Le personnage mérite effectivement respect, estime, admiration.Mais je ne sais pourquoi tu t 'emploies à chercher des clefs explicatives de ses comportements humains, littéraires et politiques dans un dualité conflictuelle entre son enfance ruralo-féodale et son hellénisme distingué, entre père et mère, entre la Raison des blancs et l'emotion nègre, etc...une fragilité structurelle qui lui faisait toujours rechercher l'équilibre.. alors que Senghor est d 'abord un personnage de forme plus que de fonds.C'est pour cela même un mauvais poète mais un grammairien hors pair.La forme présidentielle d'une Constitution à Parti Unique le statufiat.

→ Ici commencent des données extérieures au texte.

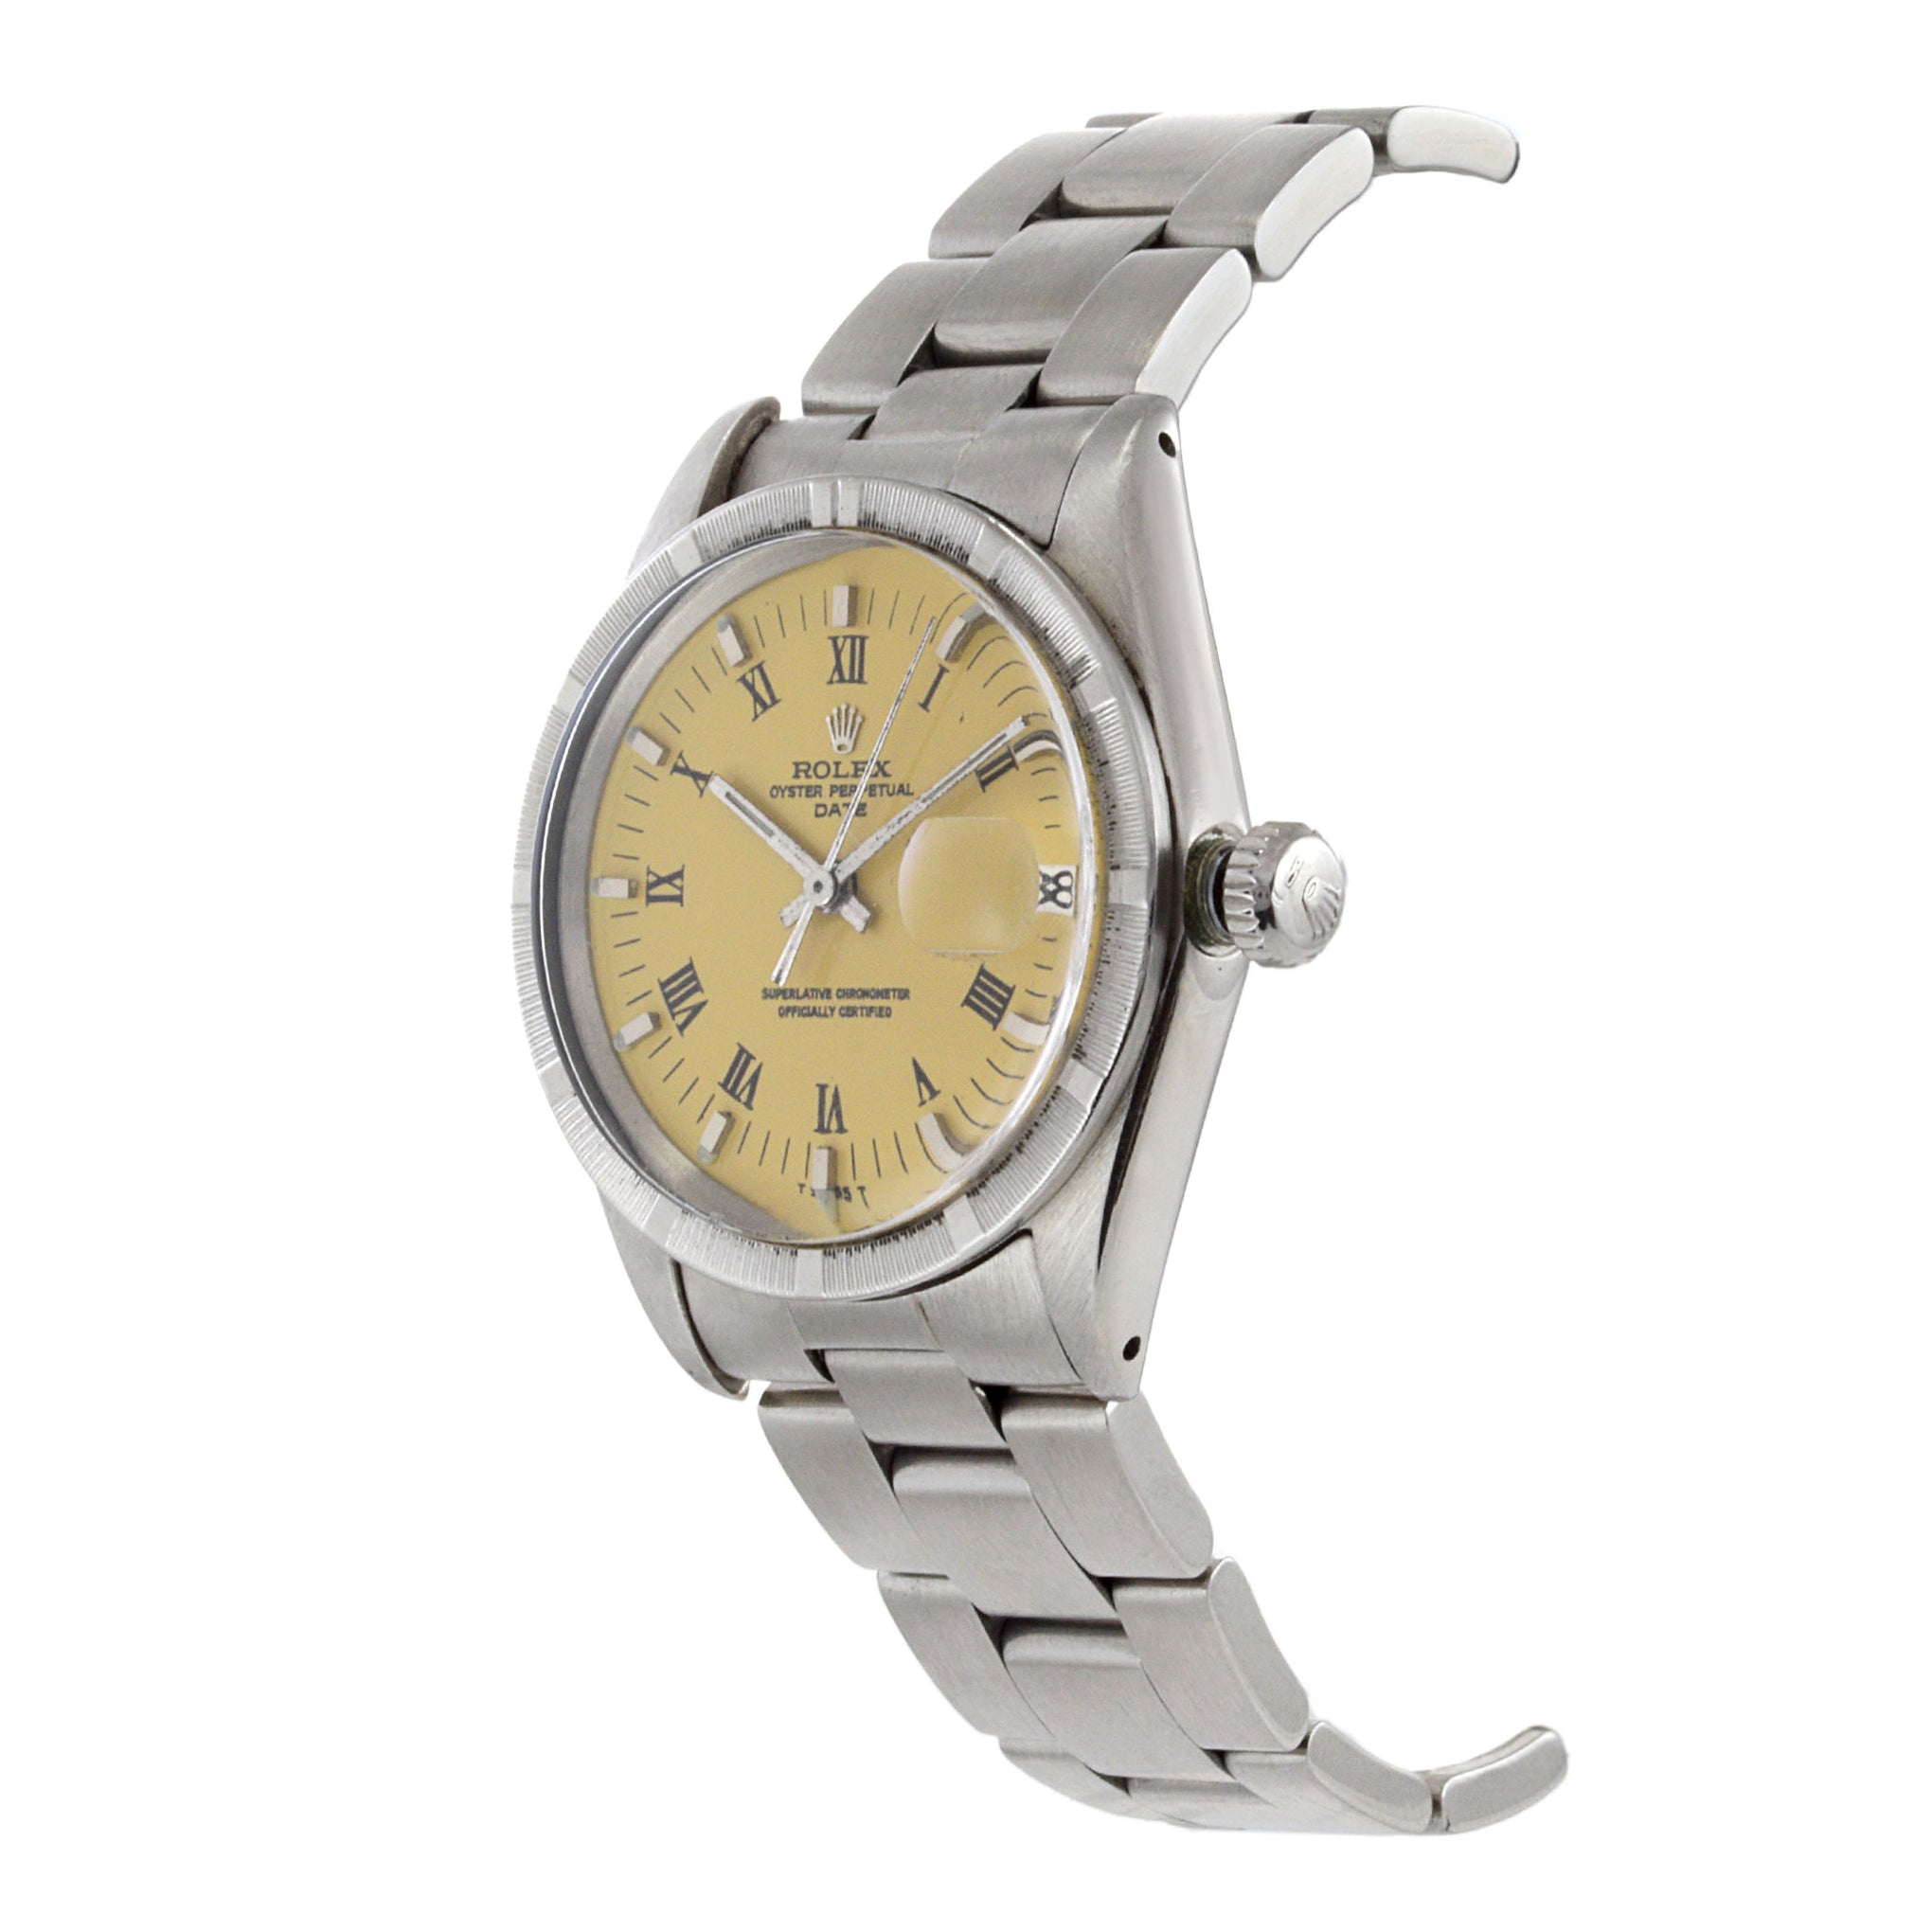 Vintage 1967 Rolex Date Reference 1500 Custom Yellow Dial Automatic Watch

Mais là n'est pas l'important.
Mais, beauccoup plus, ce silence de" l'extériorité" dans ces années cruciales de la mise en place de la Communauté Française puis de l'Indépendance ! Il n'est rien dit des pressions, des enjeux, des conflits économiques ( problème arachidier, coton etc..) et surtout politiques que posait, à cette époque, après Sekou Touré, la mise en place d'un "socialisme à l'africaine" clairement défini. L'expérience , la fabuleuse expérience sénégalaise est minieusement décrite mais parait se développer dans un univers clos sur lui-même sans que les compagnies de rente et de grands commerces, comme la CFAO, le secteur cotonier, les secteurs militaires, religieux ( tu rappelles que l'évêque de Dakar était Monseigneur Lebfèvre de triste mémoire) ne mettent en oeuvre des pressions et des moyens pour influer sur le cours de l'histoire.

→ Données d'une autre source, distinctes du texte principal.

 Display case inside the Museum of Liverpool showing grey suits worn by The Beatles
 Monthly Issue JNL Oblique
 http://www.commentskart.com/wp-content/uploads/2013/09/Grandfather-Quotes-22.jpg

D'autant, en ces années là, que se mettait en place ce qu'il est banal aujourd'hui d 'appeler "les réseaux Foccard " autrement dit l'organisation des basses oeuvres du Général.

D'autant, en ces années là, que le FLN, en Algérie, transformait la pacification en guerre

D'autant, en ces années là, que les guerres portuguaises s'amplifiaient et que les armées coloniales françaises ( 6ème RIAOM ) à partir de l'Oubangui Chari- Bouar- n'avaient pas encore maté dands le sang la guerlla de l'Est camerounais et la barbouzerie nationale, assassiné Mounié comme la barbouzerie internationale assassina et assasinera à peu près tout ce que l'Afrique comptait de leaders charismatiques et compétents.

Quid alors des rapports que la France à travers ses administrateurs mais surtout ses réseaux économiques et mafieux entretenait avec le Sénégal en devenir et en devenir ambitieux?

Mais la politique étrangère sénégalo-française fera peut-être l'objet d'un opus ultérieur.

A moins que ce ne soit le récit des expériences concrètes vécues partout dans le monde d'un socialisme auto-gestionnaire dont tu nous restitue magistralement la génèse et la vie au Sénégal, notre pirogue.

Merci.

PS : ( rédigé le 19 Décembre)

Je viens de voir, au Sénégal et sur Antenne 2, un fort beau documentaire " Afrique(s)" où il est question, de façon fort rapide, de cette période -58/62- au Sénégal. Elle nous est contée par Abdou Diouf qui "enfonce " ( le mot n'est pas trop fort) Dia, et le présente, à l'inverse de ce que tu fis tout au long de ton ouvrage, comme autoritaire, ne tenant pas Senghor au courant de ce qui se passait dans le pays et faisant de celui-ci un Président sans autorité face à son chef de Gouvernement responsable, pour Diouf, à part entière de l'échec de la Fédération du Mali, mais aussi d'un coup d 'Etat qui, à juste titre, semble dire Diouf, l'envoya en prison. Or tout le monde sait que le coup d 'Etat est une construction politique senglorienne que tu décris et expliques trés bien. Pourquoi ce retro-retournement de Diouf?